Battery voltage depends on temperature.... A "12V" battery at 70 degrees --
*100%* charge = *12.6V* 
*50%* charge = *12.06V*
Anything *below 11V* is *0%* charge, regardless of temperature

*Walmart* is the cheapest place to buy batteries....
12V X 230A (BELOW 15HP) = $22 WITH EXCHANGE
12V X 270A (16 - 20 HP) = $30 WITH EXCHANGE
12V X 340A (ABOVE 21HP) = $40 WITH EXCHANGE


----------



## TheBrain (Jul 31, 2015)

charged battery back up about 1 hour 12.4VDC
w/ the oil cap loose she cranked right up.

looked over the ventilation material on pages 116-118 however not seeing such tube on mower.

can I drill a small hole and add a breather to the oil cap?https://www.amazon.com/SupportTM-12...9Y2xpY2tSZWRpcmVjdCZkb05vdExvZ0NsaWNrPXRydWU=

Thanks Bob you the man.


----------



## Bob Driver (Nov 1, 2017)

280000-310000 series Intek breather locations ….

*Old style *breather is behind the carburetor, on the *side of the block

New style* breather is on *top of the block*, one bolt is under the flywheel


----------



## TheBrain (Jul 31, 2015)

ok I;ll look around the the engine, I got lucky being able to return the wrong starter, I;d like to order the correct breather.
not seeing anything breather related or the part# in the owners manual?


I don;t know what to think about the repair manual w/ assorted engine configurations unsure if the engine is vertical or horizontal.
I really don;t even know if this is briggs straton or intex.
maybe A in attached image is the breather under the carb?
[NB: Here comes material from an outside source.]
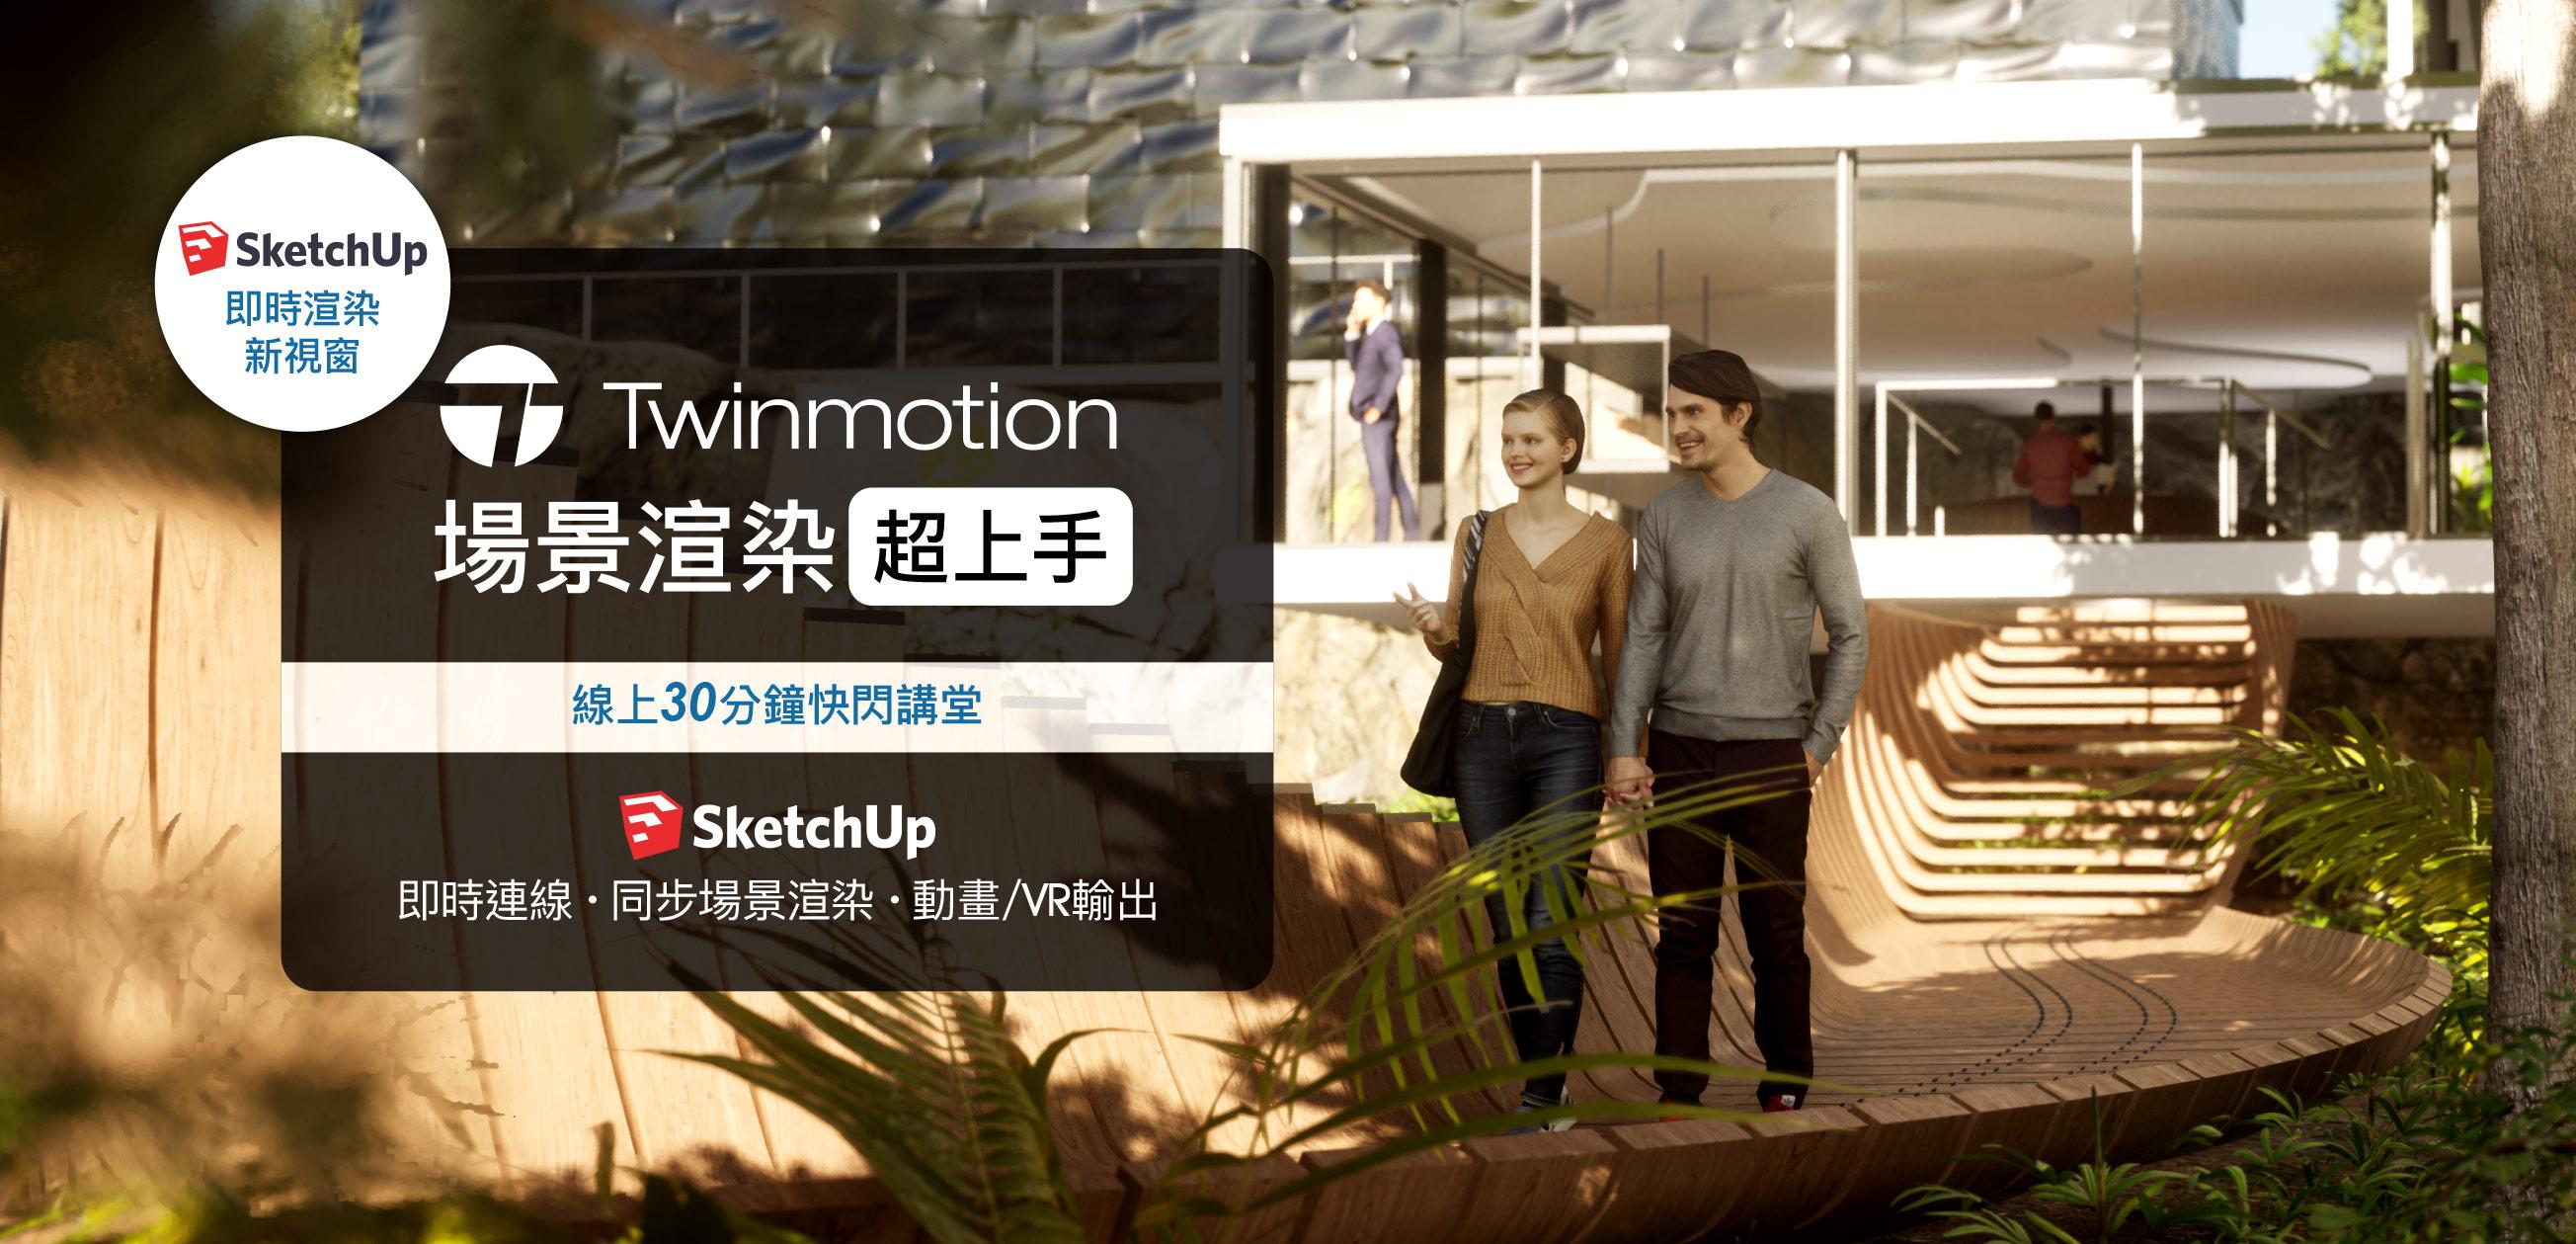 Twinmotion場景渲染 超上手 線上直播活動

been searching for a video on the breather can;t seam to find one.

thanks again Bob.


----------



## Bob Driver (Nov 1, 2017)

The picture you posted is the *OLD STYLE* breather, behind the carb
















The *NEW STYLE* breather is on top of the block with one bolt underneath the flywheel. Briggs # 792185


----------



## TheBrain (Jul 31, 2015)

I have the new style ½ under the flywheel.
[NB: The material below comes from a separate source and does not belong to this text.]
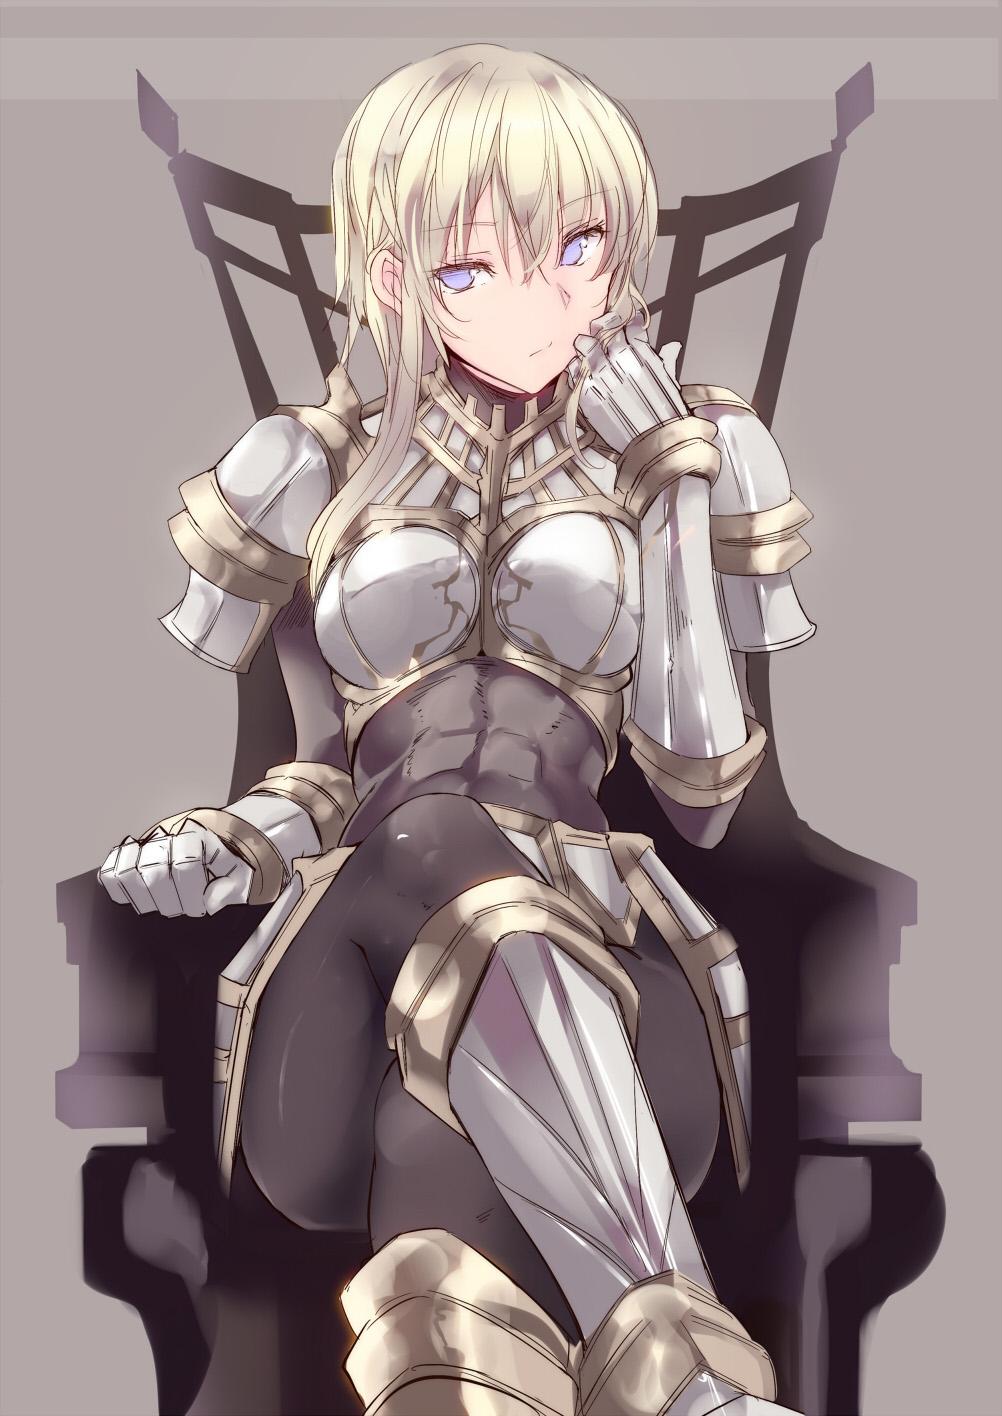 Girl knight anime clips

I was able to remove the exposed bolt.

apparently the flywheel will need to be removed.

do you have a procedure for flywheel removal.
how doe;s this look
https://www.amazon.com/Briggs-Stratton-792185-Breather-Assembly/dp/B005F6QATY

edit: I don;t see the valve is the internal filter the only replaced part? and can it be simply cleaned?
thanks


----------



## pogobill (Jan 31, 2012)

PS, looks like a vertical to me.


----------



## Bob Driver (Nov 1, 2017)

Undo the two bolts with a 5/16 wrench and move the magneto out of the way. Starter cup comes off. Blower fan comes off. Use Briggs #19203 flywheel tool to remove flywheel. When you reinstall the flywheel, reset the magneto air gap at .010








https://www.bing.com/videos/search?q=using+a+flywheel+knocker&&view=detail&mid=65E89C6058B10984C9CD65E89C6058B10984C9CD&&FORM=VRDGAR&ru=/videos/search?q=using+a+flywheel+knocker&FORM=HDRSC3

P.S. The 7800 series Snappers only came with vertical engines. In the picture you just posted, the Briggs Engine Model and Type number can be seen stamped into the top of your valve cover


----------



## TheBrain (Jul 31, 2015)

yes I aw the # on the valve cover.

Looks This man is using the same pulley remover I used to pull the power steering pump off my GM car.I rented the tool from the auto parts store. But will be buying it if I break it.I think it’s aluminum






the brigg puller look good enough however isn;t there a big middle bolt?
woops my bad I just watched the video you linked to never sean a puller like that I actuelly wouldn't mind spending a little more for a bigger puller.
thanks


----------



## TheBrain (Jul 31, 2015)

edit: I don;t see the valve on the new breather is the internal filter the only replaced part? and can it be simply cleaned?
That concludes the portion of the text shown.